Aejaz Zahid, the event organiser and Research and Innovation Fellow at CATCH, said: “The unique thing about Hackcessible is that the individuals with disabilities take a central role in leading the design of these products. This is the first time these students worked together in multi-disciplinary teams.
“I was really amazed at the amount of progress that the teams made so quickly. I also loved seeing the co-designers working with the teams, which is exactly what we were hoping for. It’s been fantastic.”
Their projects were presented on Sunday 2 December 2018 after a weekend of prototyping ideas into a workable solution.
Each team’s project was judged by an expert panel which included Professor Pam Shaw DBE (Founding Director of SITraN), Professor Wendy Tindale OBE (Director of Devices for Dignity) and Professor Luc de Witte (President of AAATE - the European assistive technology association).
Running up to the make-a-thon, students attended a special event where eight people with a variety of disabilities talked about the challenges they face each day and what would help them overcome barriers to current technology.

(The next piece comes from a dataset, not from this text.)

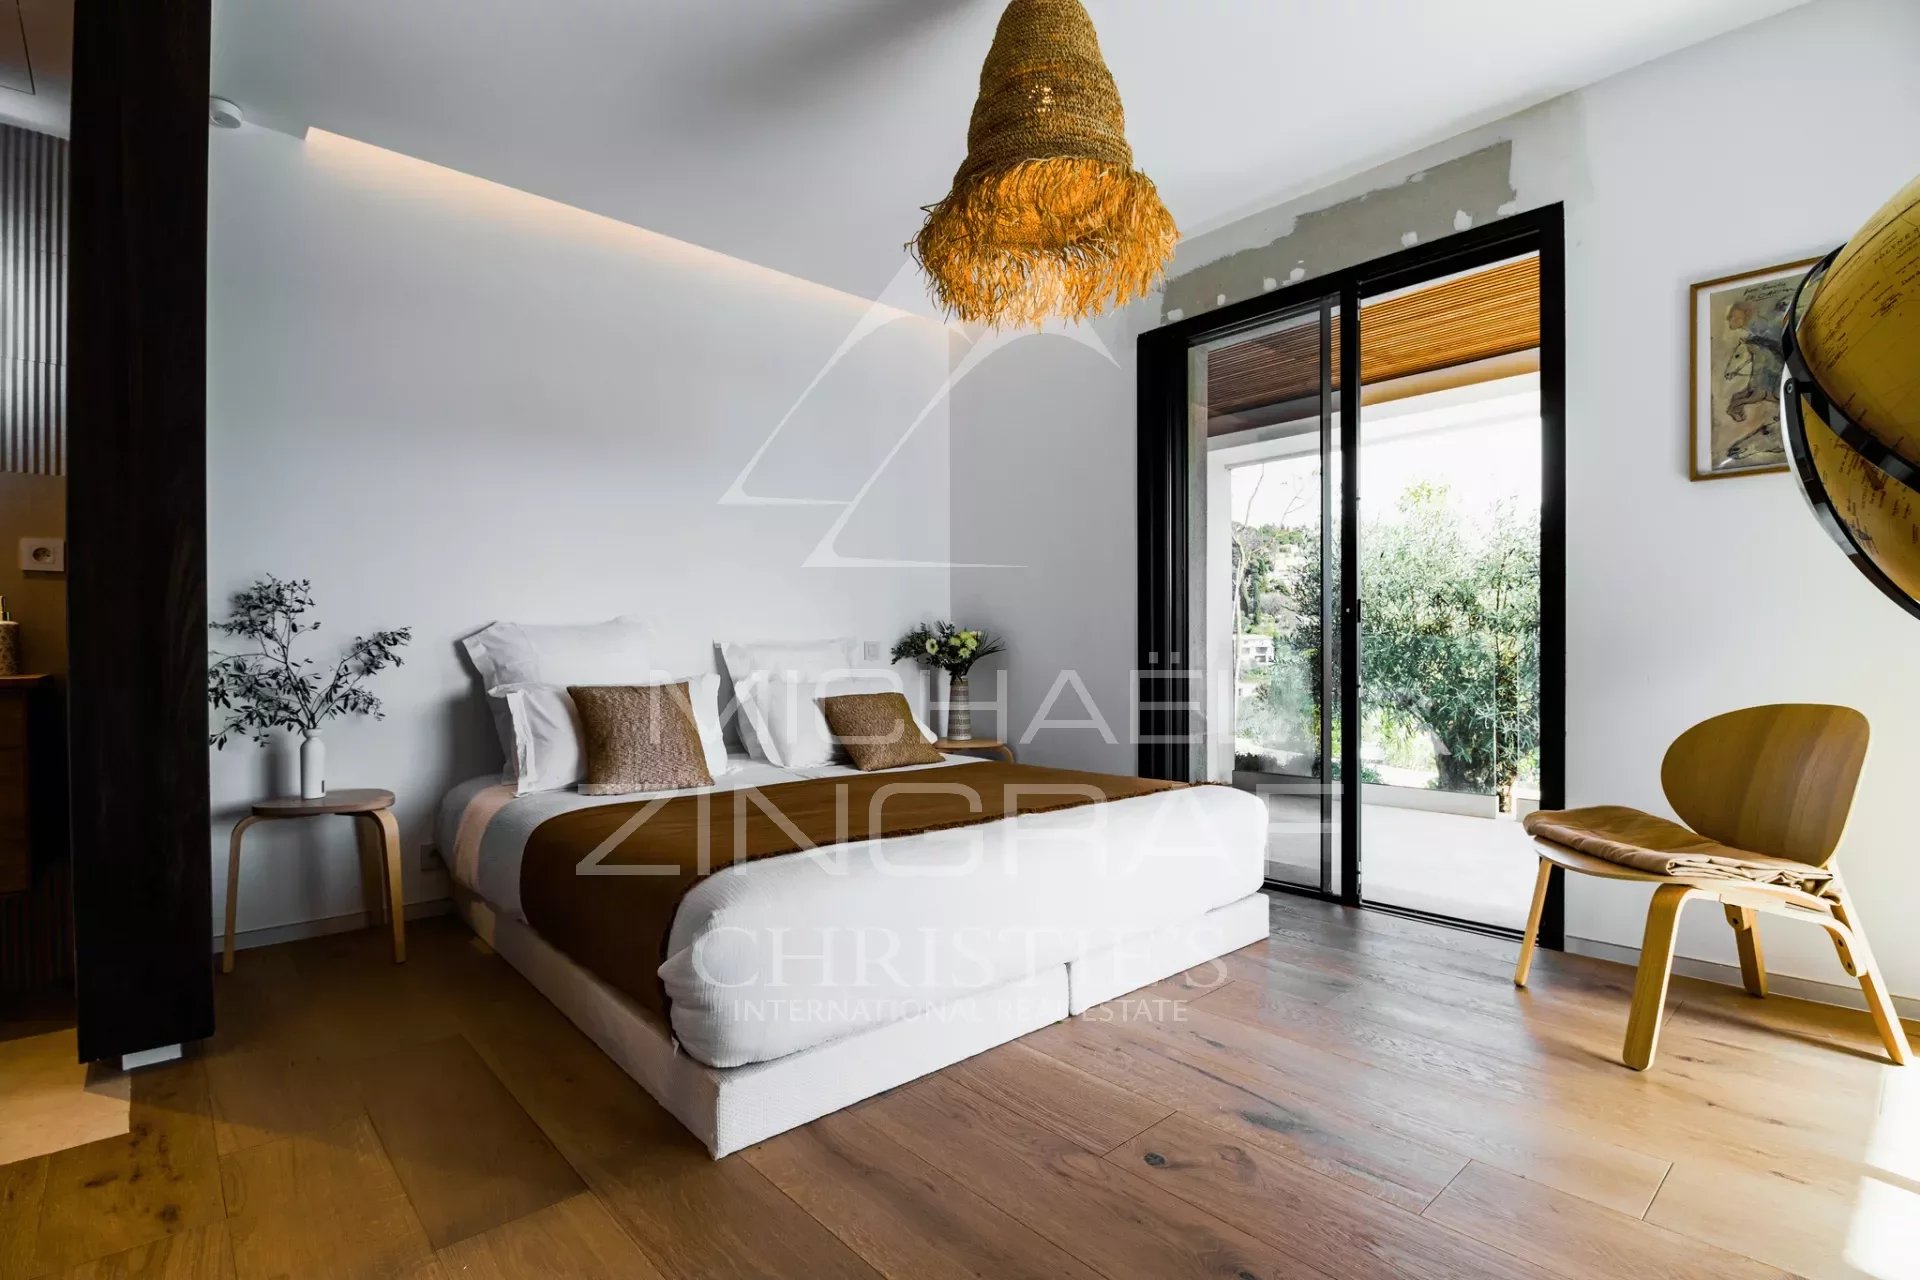 MOUGINS - 5 bedroom contemporary villa

Students and disabled co-designers then attended weekly workshops, supported by a team of mentors in healthcare, tech and academia, to help them to enhance their technology and engineering skills, as well as work in collaboration with their challengers to develop ideas.
The workshops, which included lessons in Design Thinking, 3D CAD (Computer-aided design) and electronic prototyping, were aimed at giving the students the skills to develop a prototype solution and work as a diverse, innovation focused team.
One of the users, Jake Clarke, a science undergraduate who had previously dropped out of a different university due to deteriorating vision, worked with students to create a solution that will allow him to use technology tools that are currently inaccessible to people with visual impairments.
Jake said: “Our project was to make electronic design and construction more accessible to someone with a visual impairment, including using electronic equipment like oscilloscopes and also the manufacturing of electronics equipment to assist in techniques such as soldering.”
His team developed a clamp which can hold a tablet computer, using its camera as an enhancement to the vision he already has and potentially allowing him to use a soldering iron.
Jake added: “What we’ve achieved is brilliant. We’ve done what I set out to do, it’s been cost effective and the plans have also been put online for anyone to make. The students that I’ve worked with have been excellent. They’ve all been incredibly positive and focused, and we’ve all had good fun.”
Aejaz, added: “Some teams might want to consider converting their ideas into a product if there is a wider market potential. Other groups may wish to share their ideas, which could benefit someone with a similar challenge in a different part of the country.
“We don’t want anyone to stop here. Hopefully the teams will continue working on their projects in one way or another. We’re here to support them if they have the ambition to take it forward.
“We’re hoping that Sheffield will continue to lead the way in this area. We’re a city of makers and so it’s befitting that this event started in Sheffield.”